MARCH 25 -PALASPAS, Palm Sunday (MB File Photo)
The Holy Week involves a lot of religious activities and celebrations. It is a week filled with different traditions and practices happening all over the country and those in the Christian world. From fasting to numerous processions, Filipinos have it. But one thing that makes the Holy Week celebration of Filipinos different, even unique, from other nations is their superstitions and belief. These superstitions, whose origins are uncertain, started a long time ago. Some of them are observed in any normal day; while there are those that apply only to certain times like Christmas, New Year’s Eve, birthdays, funerals, and the Holy Week. Since the country is in observance of the Holy Week, it would be good if people are made aware of some of the most practiced and observed superstitions during this time of the year. The use of “Palaspas” Palm fronds or “Palaspas” are used during the final Sunday of Lent, Palm Sunday. It marks the beginning of the Holy Week where the people reenact the coming of Jesus to Jerusalem.
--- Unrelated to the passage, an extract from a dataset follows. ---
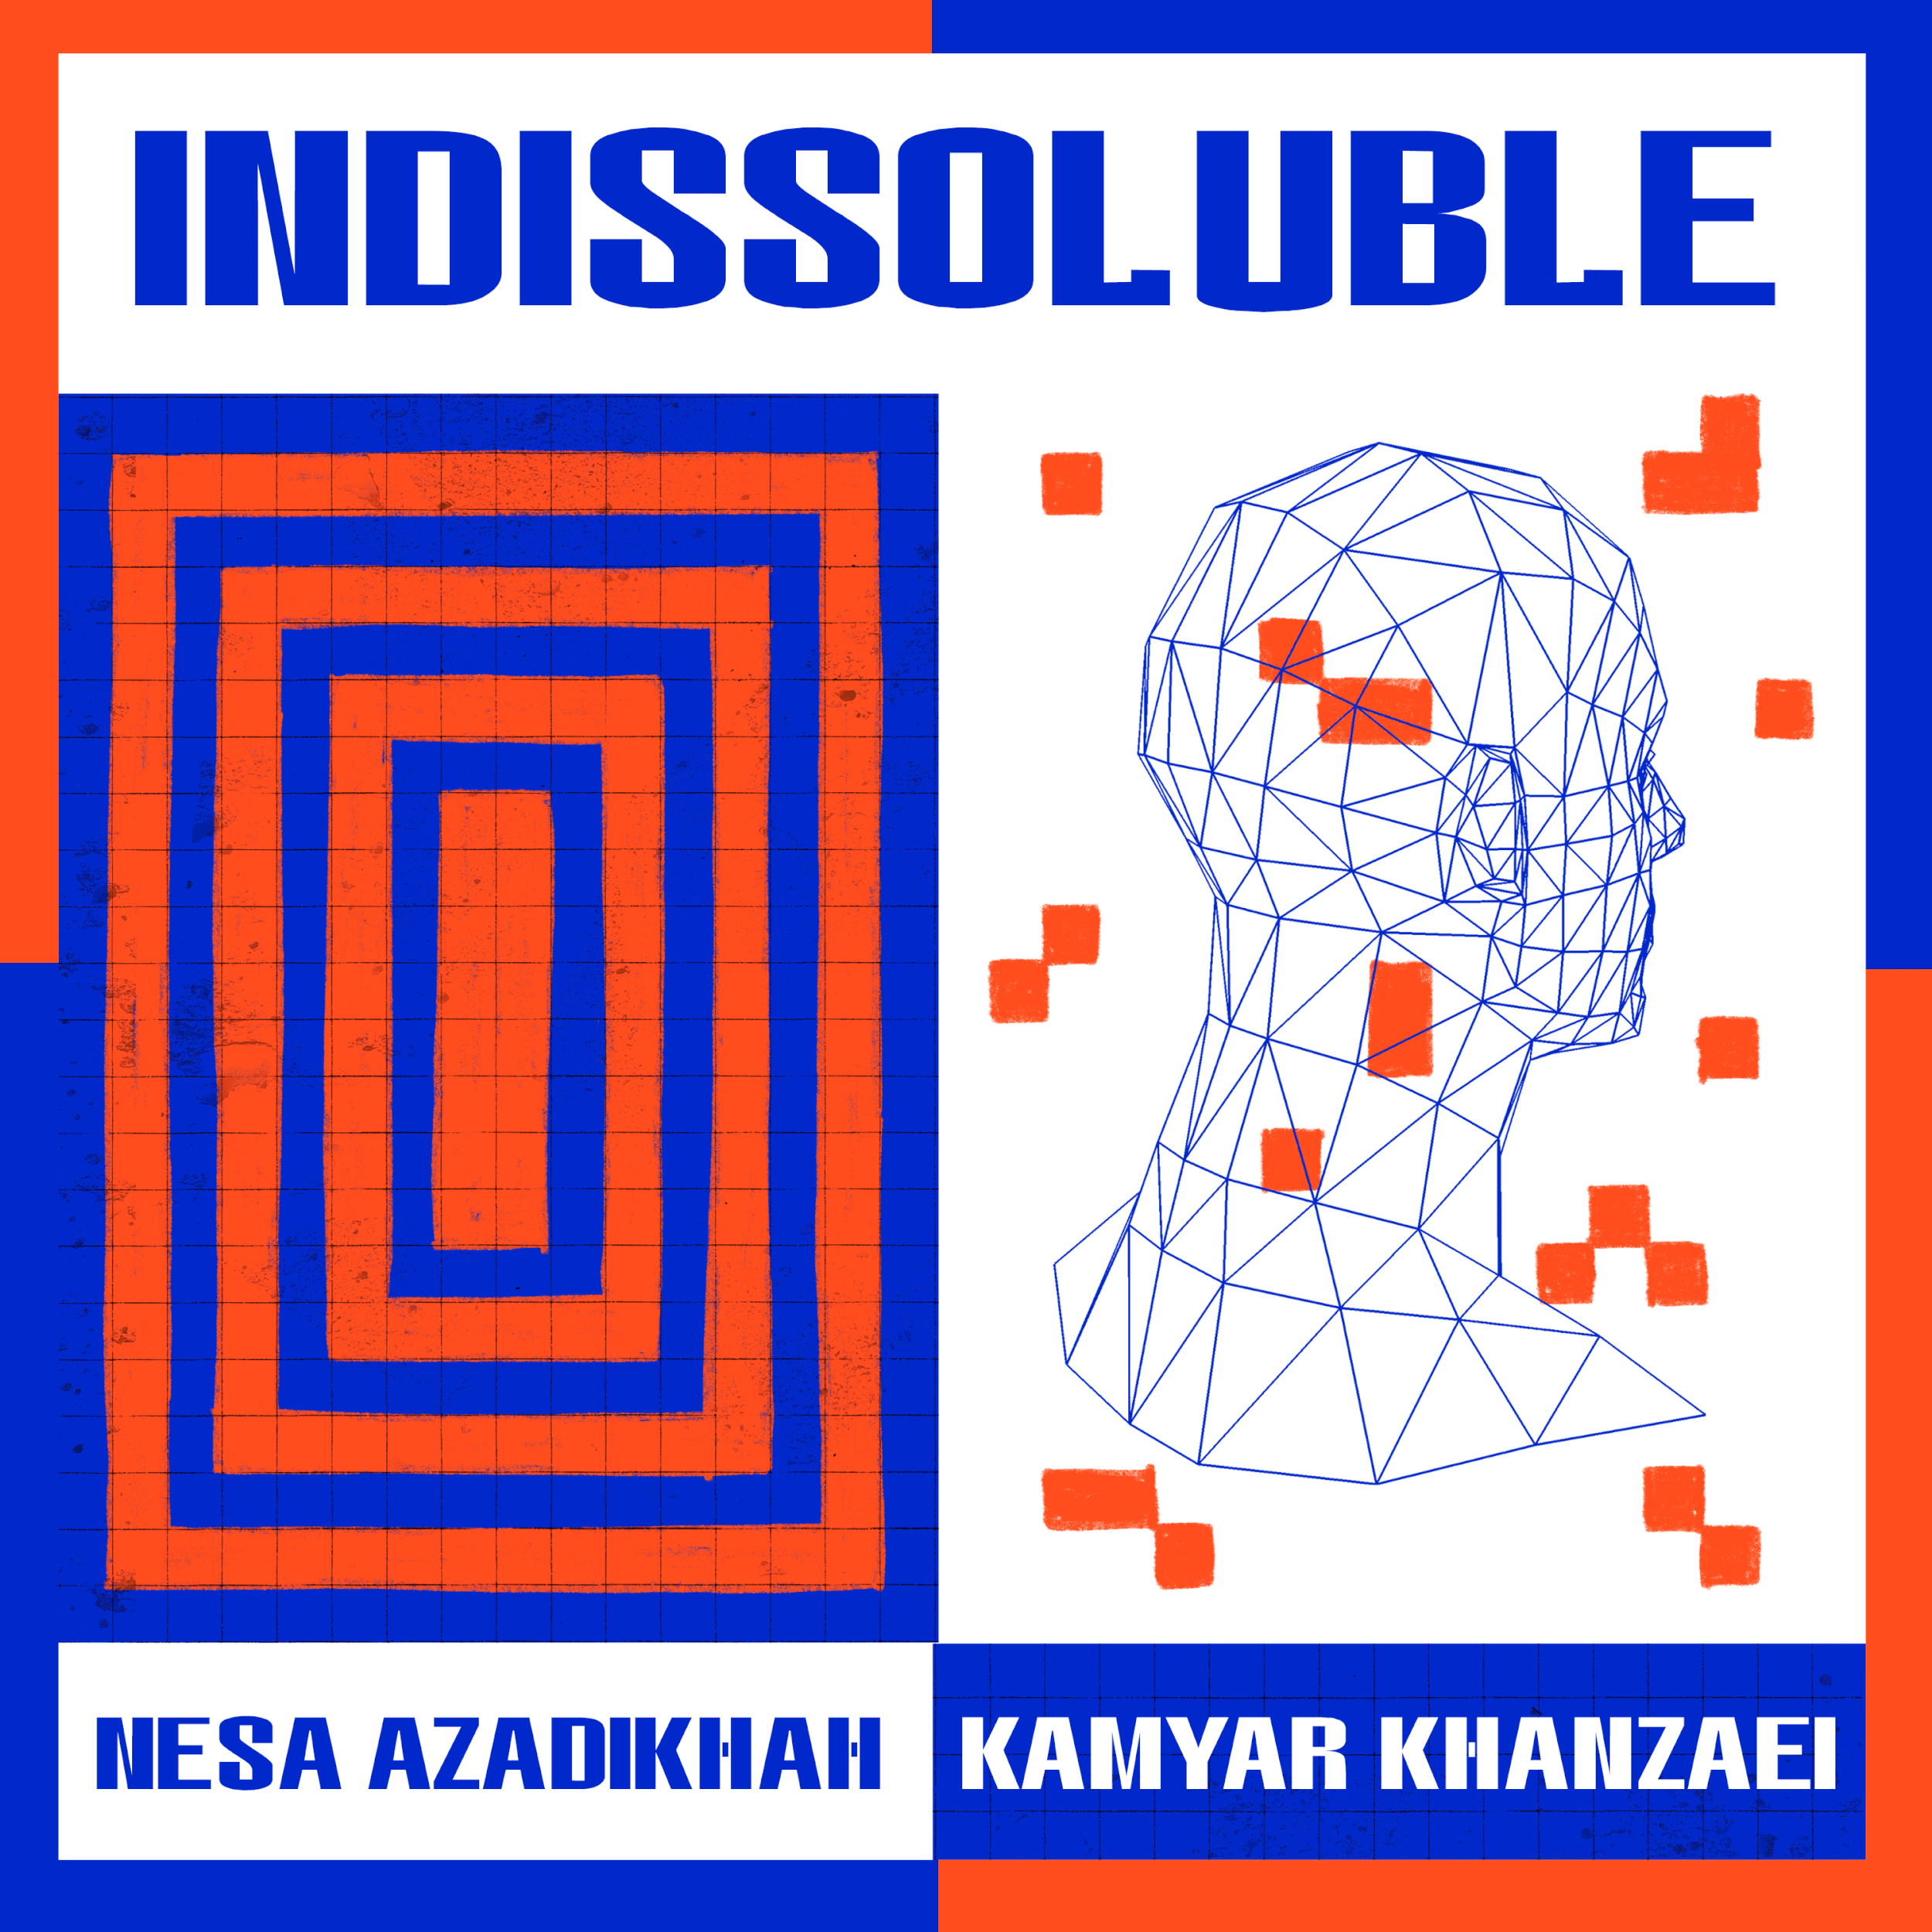 Indissoluble Cover illustration and Animation

In honor of his coming, these palm fronds are used as homage for Jesus’ triumphal entry into Jerusalem. During the Palm Sunday mass, the fronds are distributed to the parishioners (while others bring/buy theirs) and are blessed by the priest. They are to be kept for the whole year and to be used for next year’s Ash Wednesday. READ MORE...

ALSO: WATCH HOLY WEEK VIDEOS: Mayamang kultura ng Baliuag; ; Bayan ng Paete, hitik sa kasaysayan, kultura, sining at pananampalataya.. Enjoy the videos...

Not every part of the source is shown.